* [AVAILABLE DATA]:
********

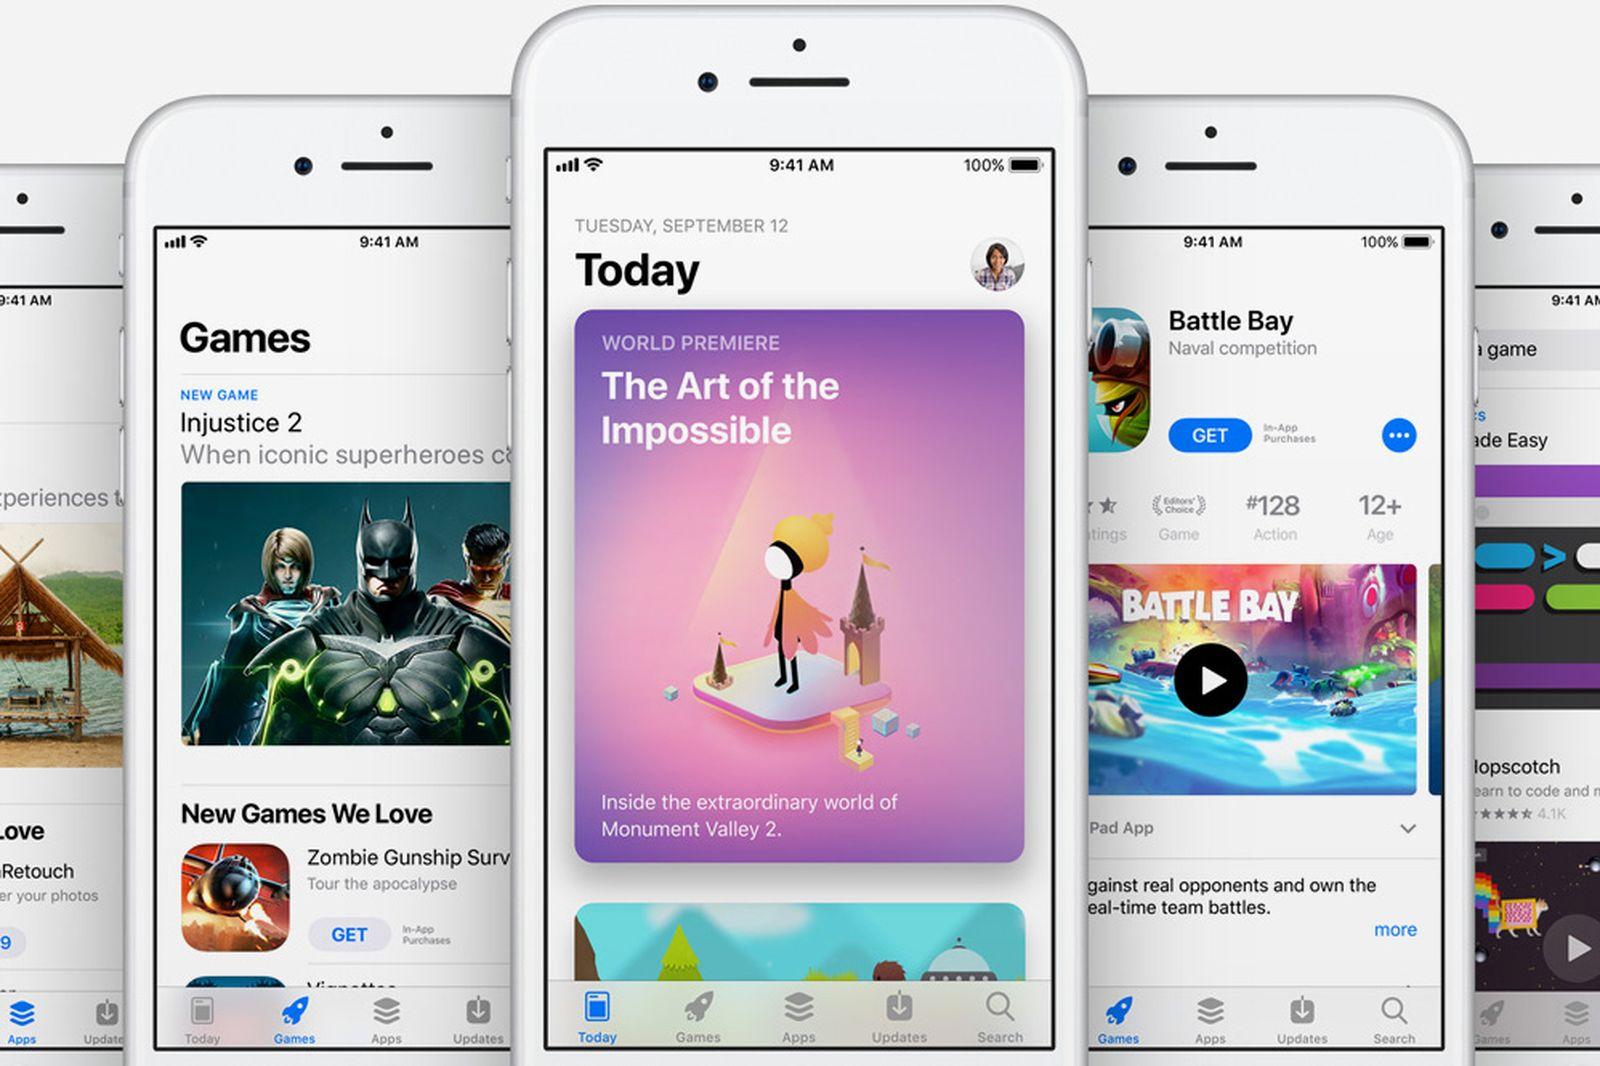 apple-apps-location-data-sharing-001
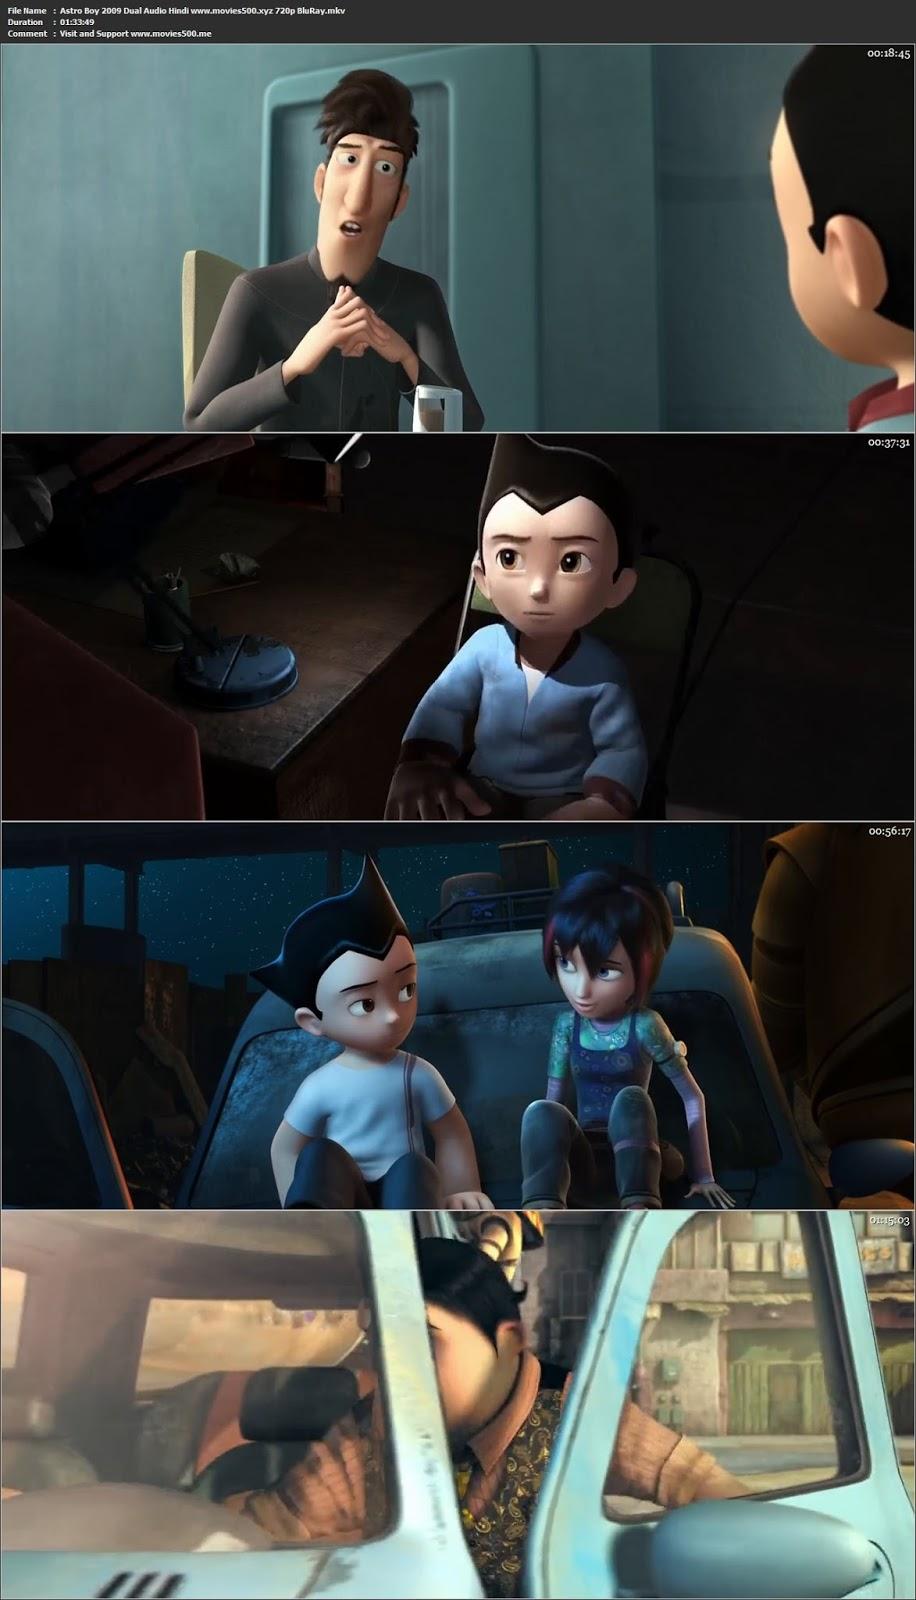 Astro Boy 2009 Dual Audio Hindi Full Movie BluRay 720p at movies500.site
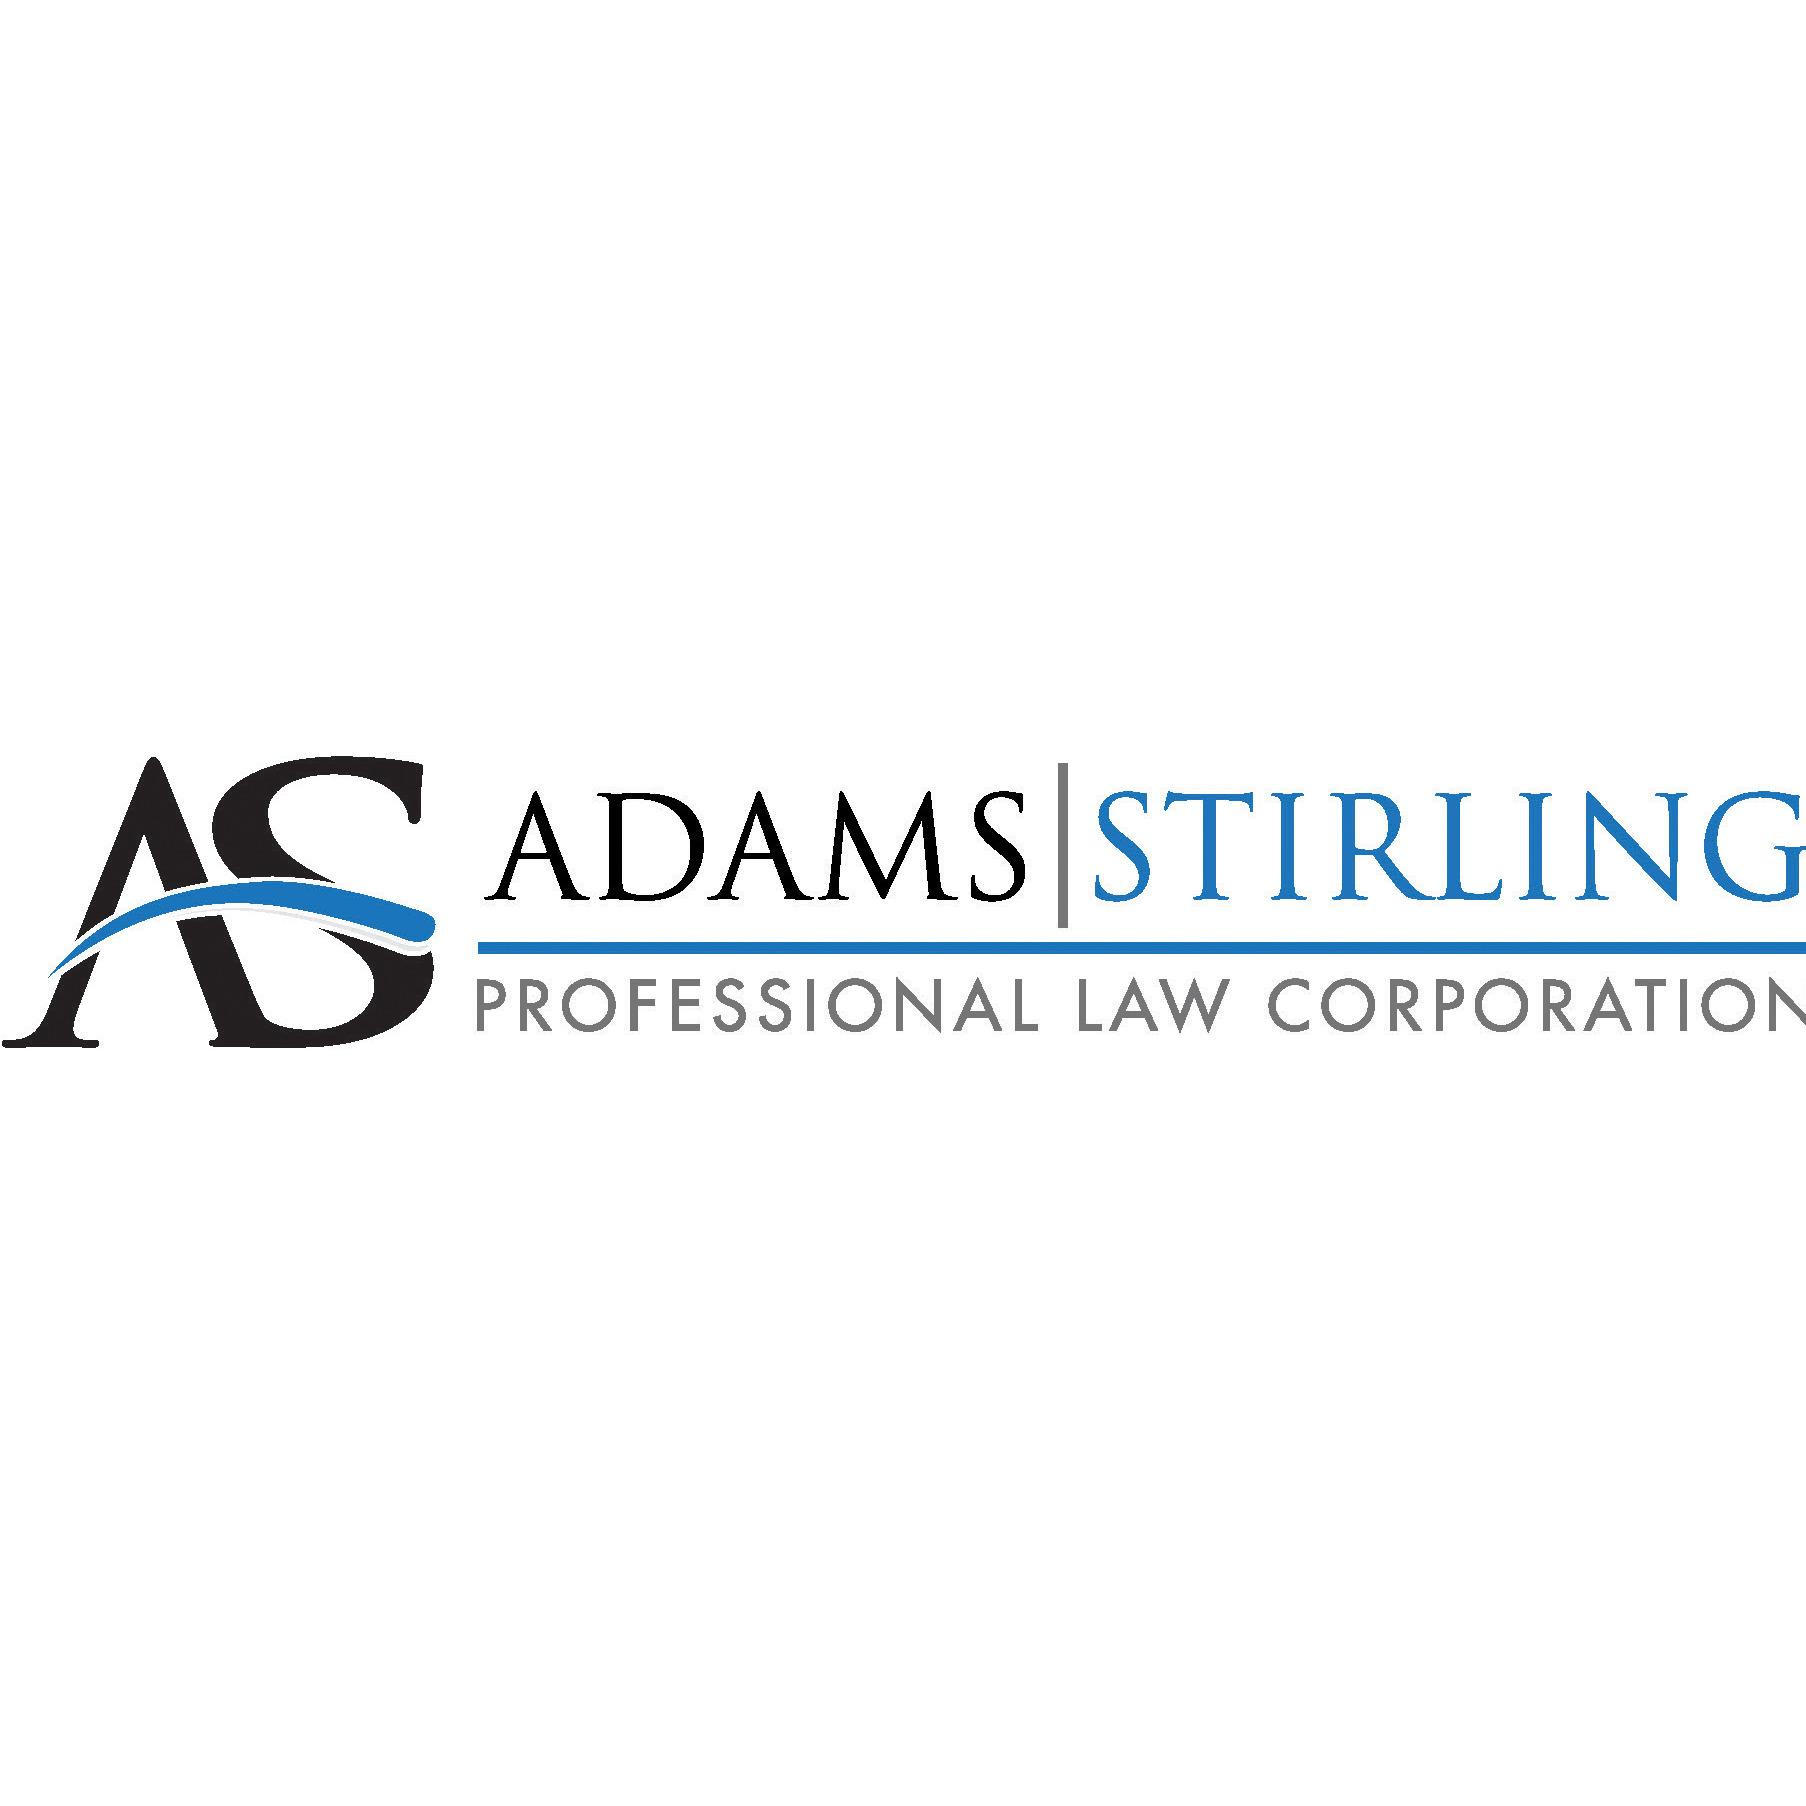 Adams Stirling PLC

********

* [REQUIRED WORK]: Drop the images and copy all the data exactly.

* [RESULT OF THIS TASK]:
 apple-apps-location-data-sharing-001
 Astro Boy 2009 Dual Audio Hindi Full Movie BluRay 720p at movies500.site
 Adams Stirling PLC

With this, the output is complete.